-1
import xlrd 
import pandas as pd
data = pd.read_csv("/Milk_Papers_Estimated_Class.csv")
path ='/Milk_Papers_Estimated_Class.csv'

I experience an error in the following code while trying to run the .csv file.:

UnicodeDecodeError: 'utf-8' codec can't decode byte 0xe2 in position 504: invalid continuation byte.
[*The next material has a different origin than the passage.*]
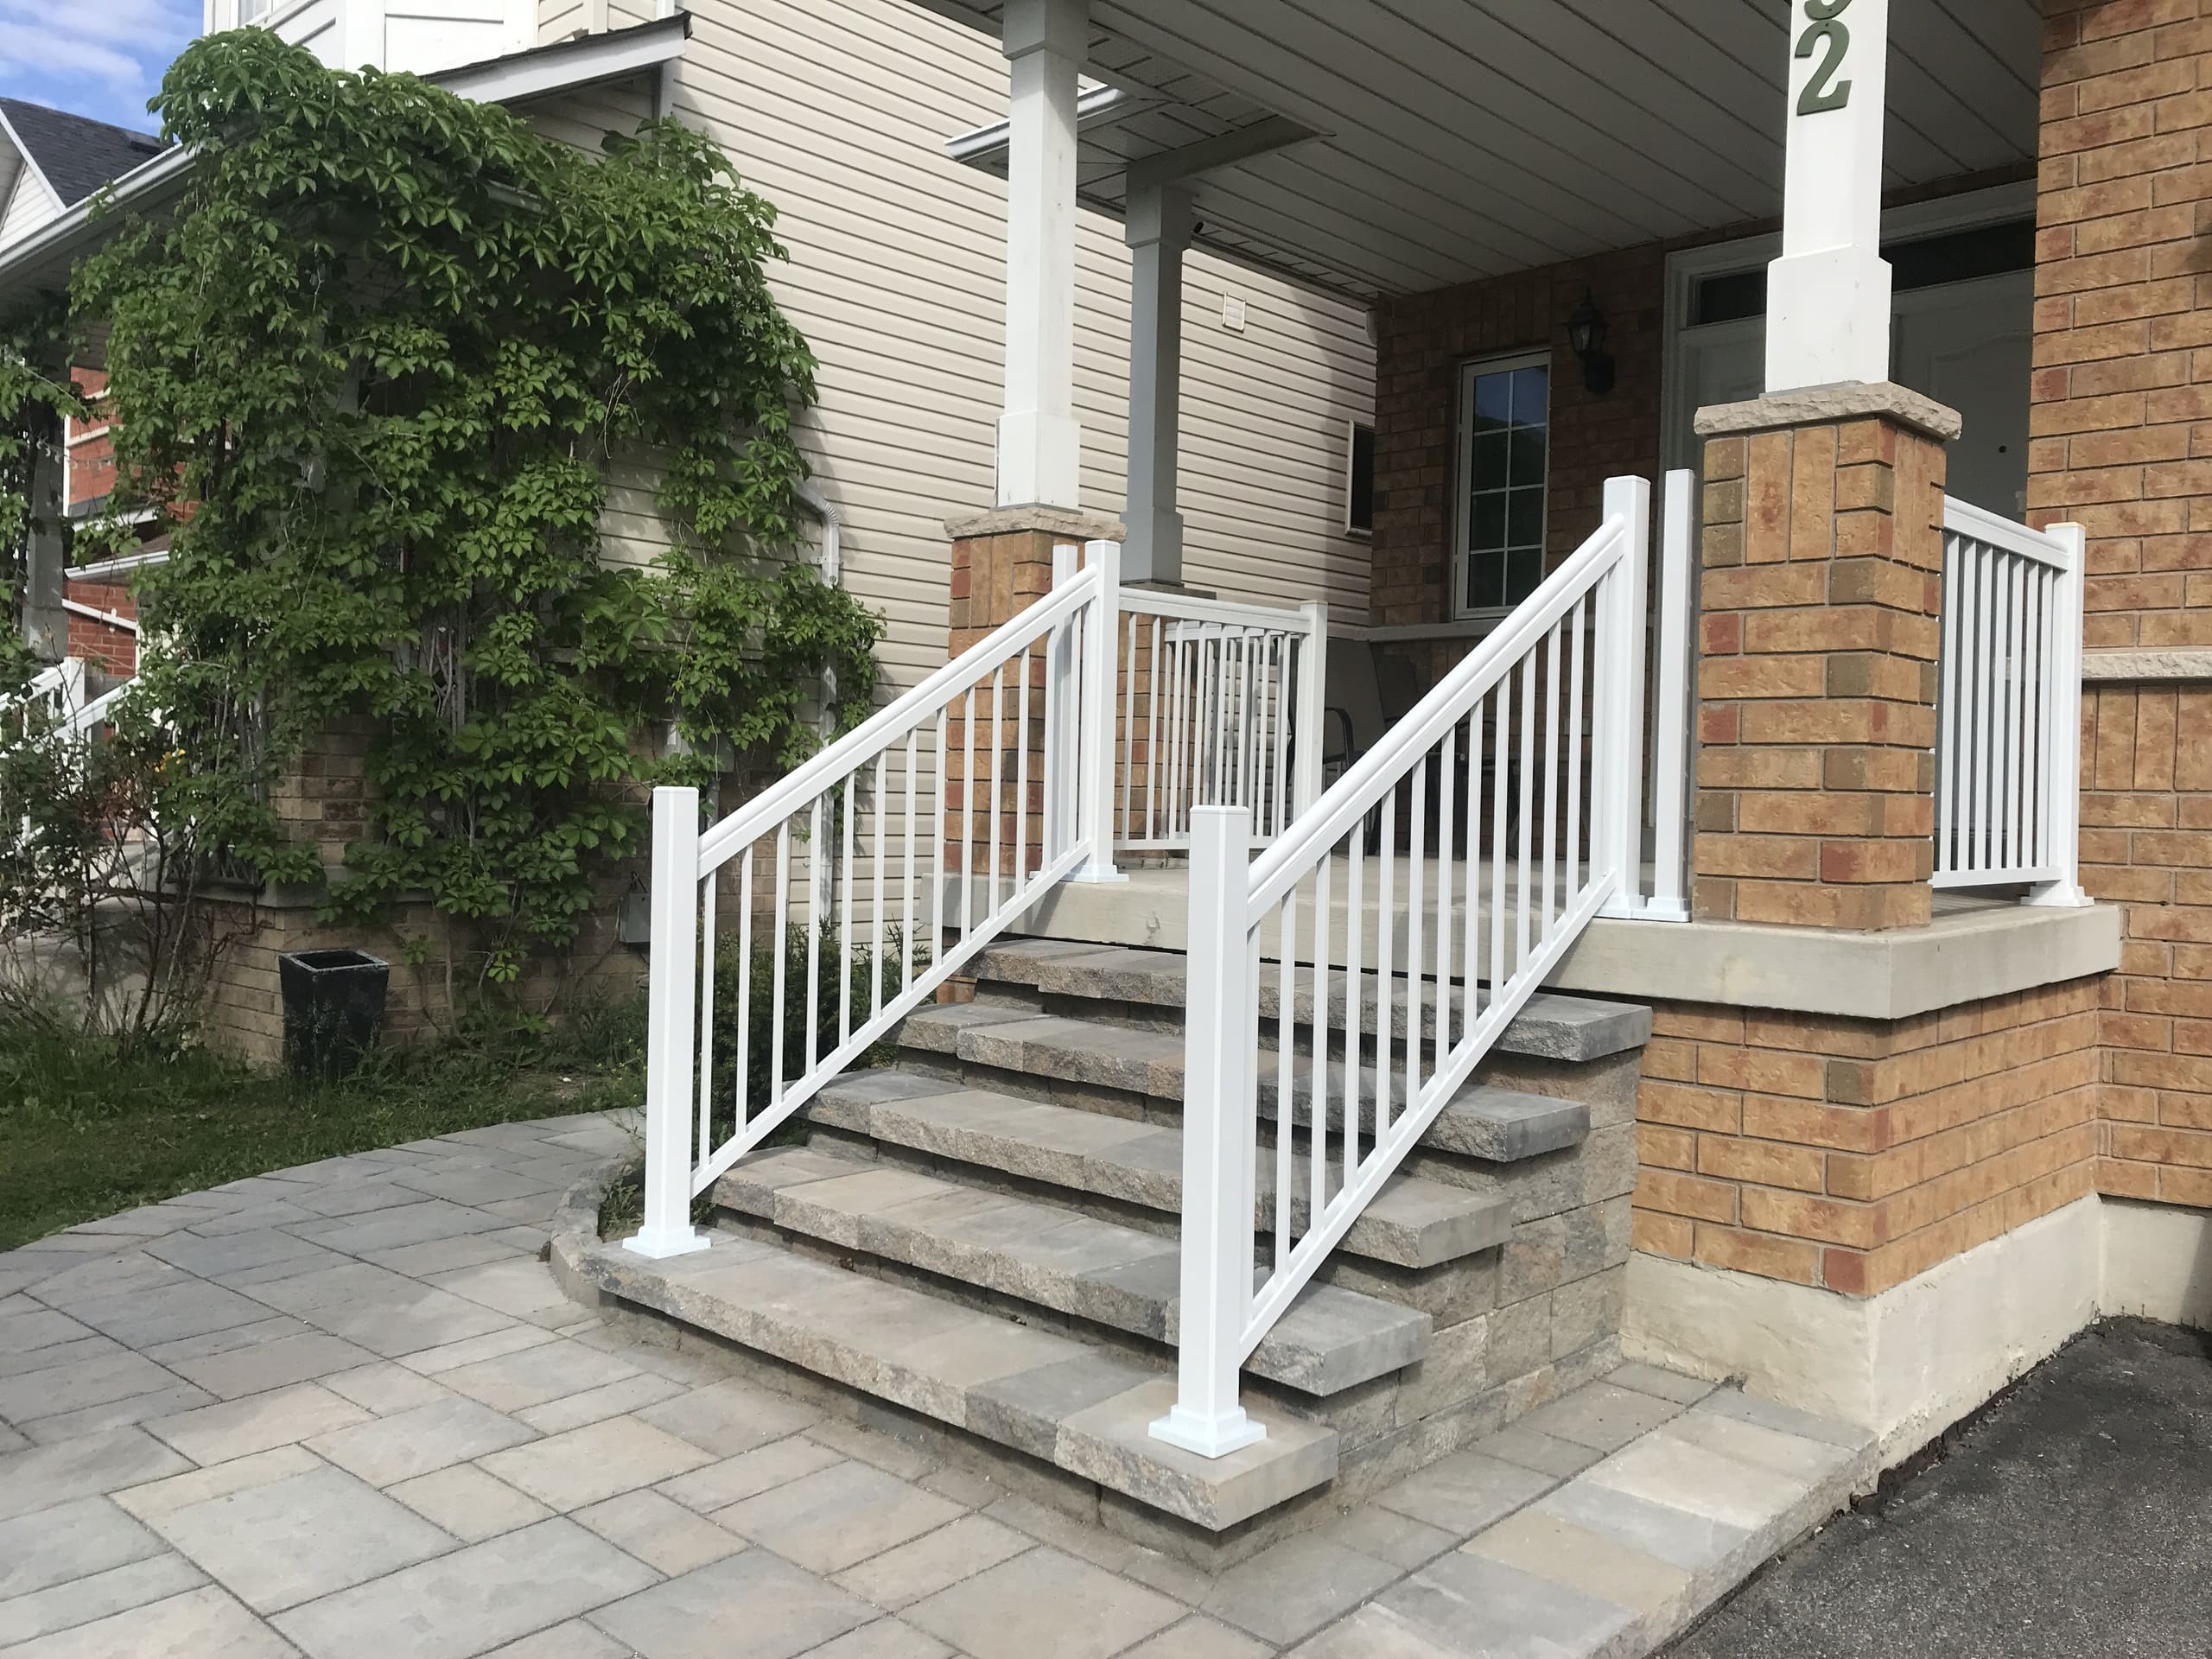 WHITE Aluminum Porch Stair Railings Installation (Georgetown, ON)
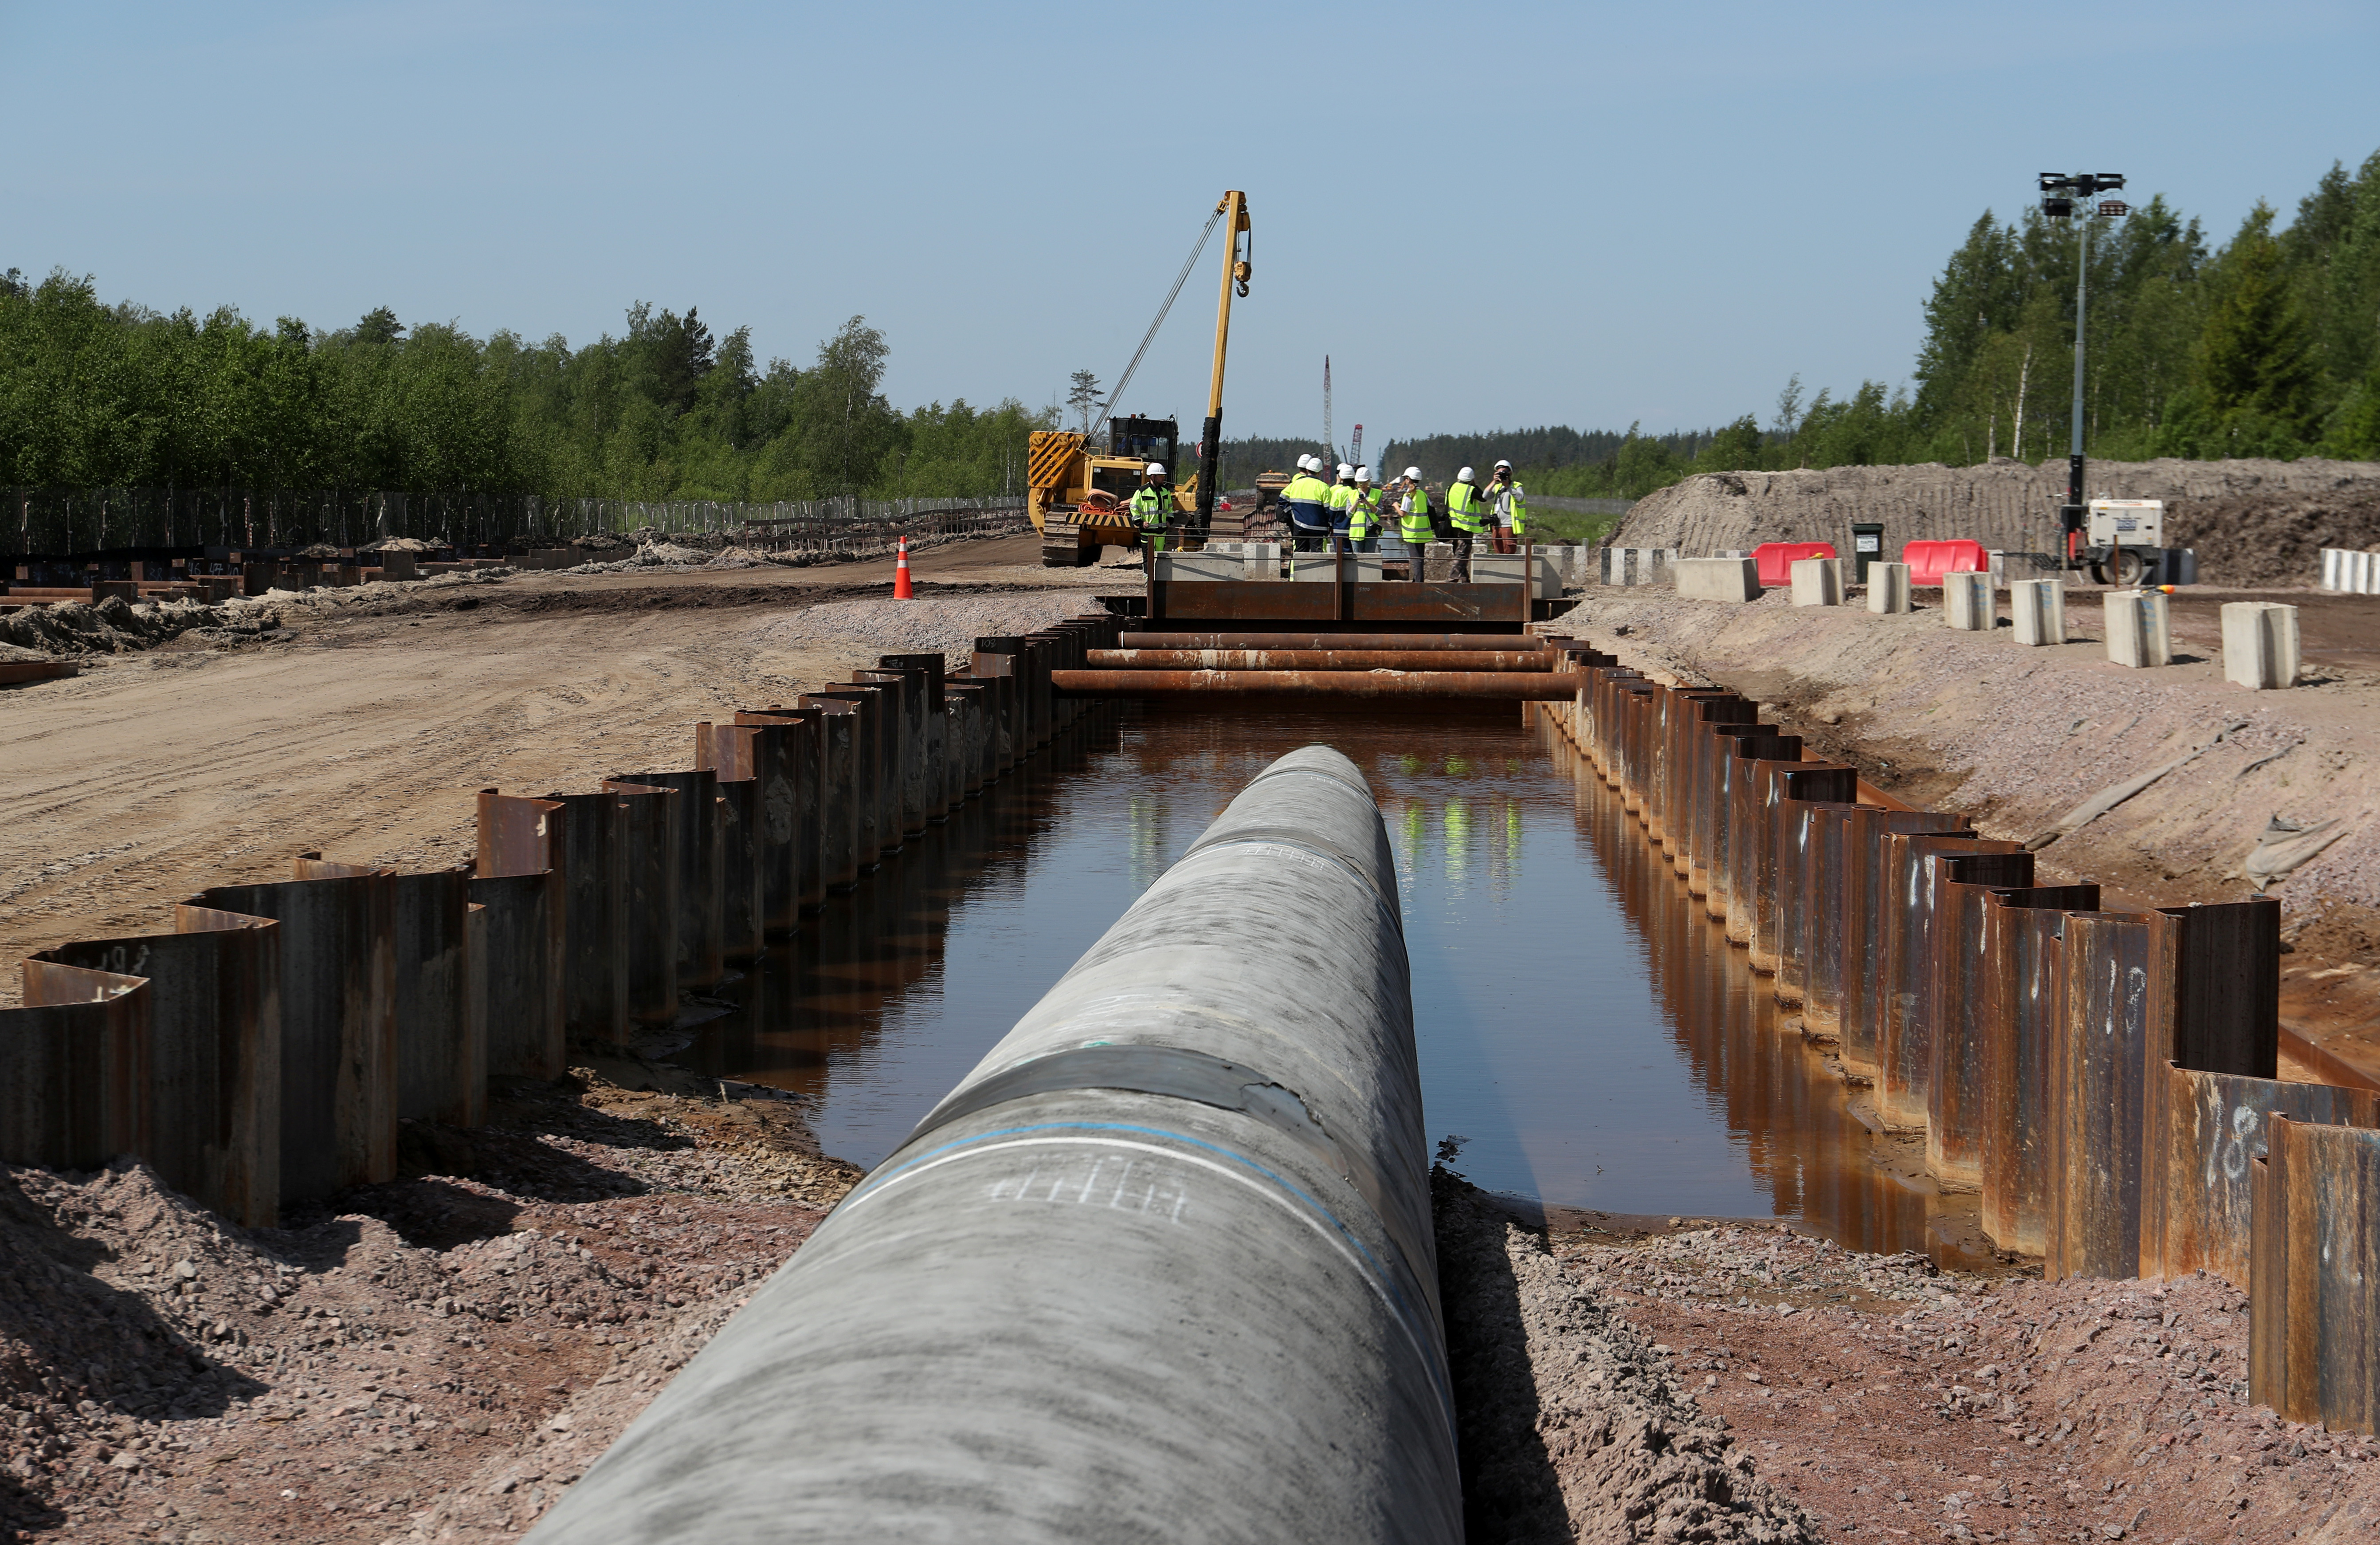 The construction site of the Nord Stream 2 gas pipeline in Russia

I do not know why I am facing this error.Can anyone help me out with this?

Pedro Lobito
  • 94,083
  • 31
  • 258
  • 268
  • try `data = pd.read_csv("/Milk_Papers_Estimated_Class.csv", encoding="latin1")` or other encoding... – Pedro Lobito Mar 02 '20 at 20:39
  • Try this post: https://stackoverflow.com/questions/56453782/utf-8-codec-cant-decode-byte-0xe2-invalid-continuation-byte-error – Khaled Adrani Mar 02 '20 at 20:40
  • Pandas assumes the file is utf-8 encoded. This automatically works with ascii/latin1 encodings which is a subset of utf-8 already. But apparently this file has some other encoding, like perhaps utf-16 or a windows code page. Do you know how the file is encoded? – tdelaney Mar 02 '20 at 20:41

1 Answers1

0

By default the read_csv takes utf-8 as the encoder.

data = pd.read_csv("/Milk_Papers_Estimated_Class.csv", encoding='latin-1')

Try giving the encoding as latin-1 Might work:")

Srivatsav Raghu
  • 399
  • 4
  • 11